El informe señala que la demanda de cambio es más fuerte entre los sectores bajos y medios bajos, donde alcanza el 72,46%, mientras que en la clase media el escenario aparece más dividido entre continuidad, cambios parciales y un cambio total.
Pese a ese reclamo de transformación, el estudio muestra que el oficialismo nacional continúa siendo el espacio político con mayor respaldo para que surja el próximo presidente, con 32,64% de las menciones. Le siguen el kirchnerismo (19,29%), una opción nueva o independiente (13,65%), el peronismo tradicional no kirchnerista (13,06%), el espacio cercano al PRO (11,87%) y otros partidos tradicionales (9,5%).
Empleo y salarios, la principal preocupación
La encuesta también muestra que la principal demanda hacia el próximo gobierno está vinculada a la economía cotidiana. El 58,46% considera que la prioridad debe ser la generación de empleo y la mejora de los salarios, muy por encima de la estabilidad económica y la reducción de la inflación, que reúne el 20,77% de las respuestas. Educación, salud y servicios públicos obtienen el 10,09%, mientras que la reducción de la pobreza y la seguridad aparecen más relegadas.
Un electorado con definiciones, pero aún competitivo
El relevamiento indica además que el 62,61% asegura tener decidido su voto, aunque existe un 37,39% de electores que aún podría modificar su elección, ya sea porque compara alternativas, podría cambiar de preferencia o todavía no encuentra una opción que lo convenza.

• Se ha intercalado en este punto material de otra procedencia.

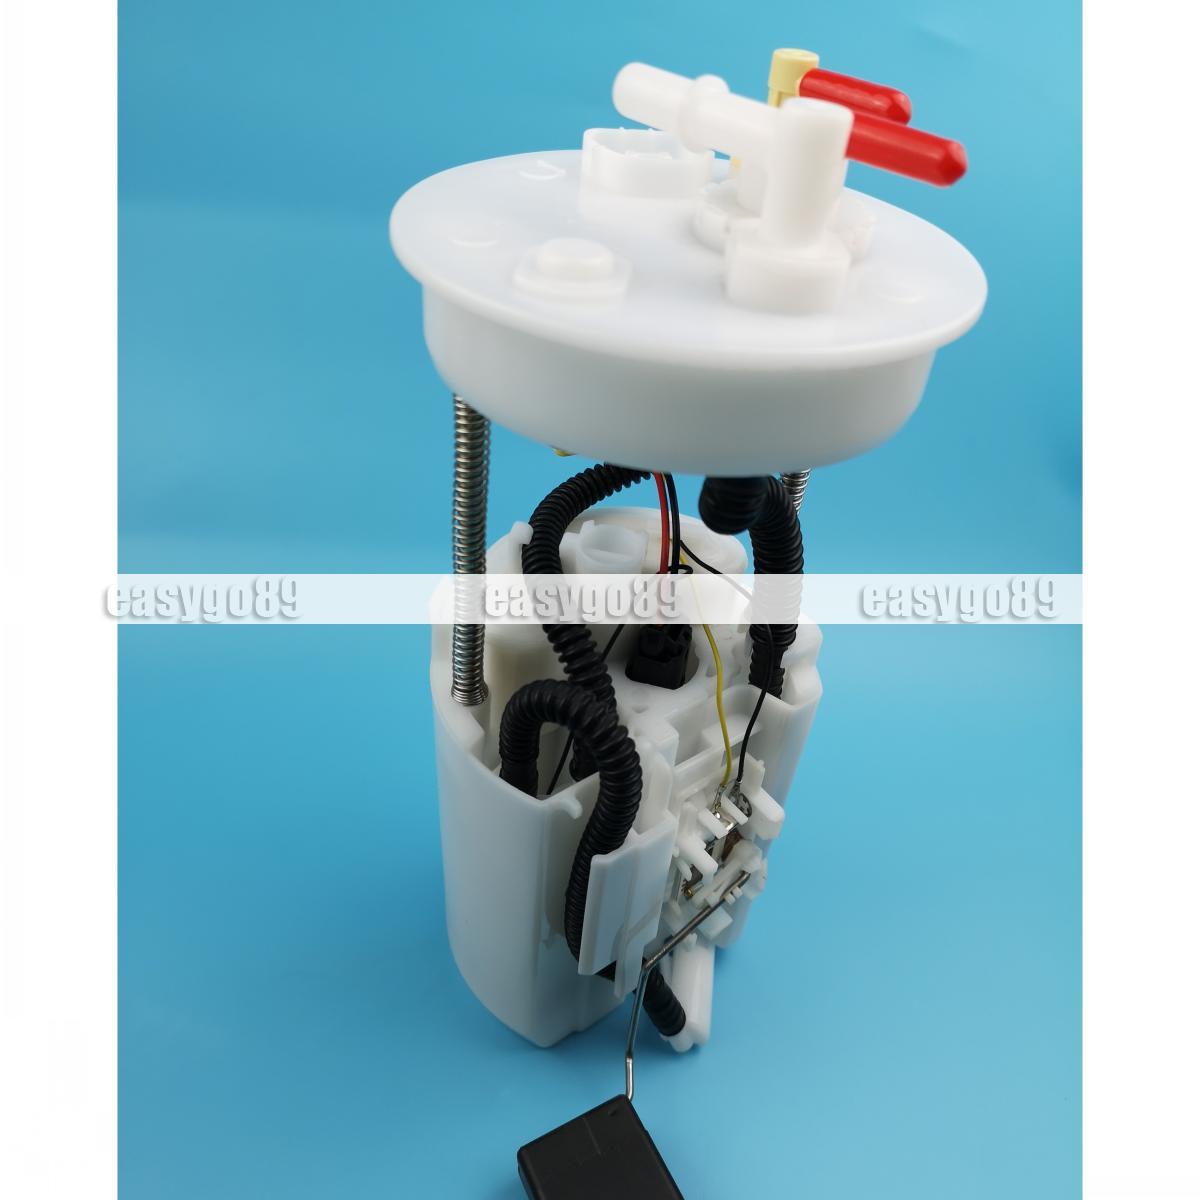 hight resolution of fuel pump assembly 17708 saa 003 fits honda jazz mk ii fit city 02 08

Asimismo, el 58,46% afirma que votará principalmente por un modelo político y económico, mientras que solo el 15,13% priorizará la figura del candidato. Según el estudio, esto sugiere que la campaña hacia 2027 podría centrarse más en los proyectos de país que en los liderazgos individuales.
Conclusión del estudio
RZ Consultora concluye que la sociedad argentina reclama cambios profundos, especialmente en materia de empleo e ingresos, pero que ese descontento todavía no se traduce en una alternativa política dominante. En ese escenario, el desafío del oficialismo será demostrar mejoras concretas en la economía real, mientras que la oposición deberá convertir la demanda de cambio en una propuesta unificada y creíble.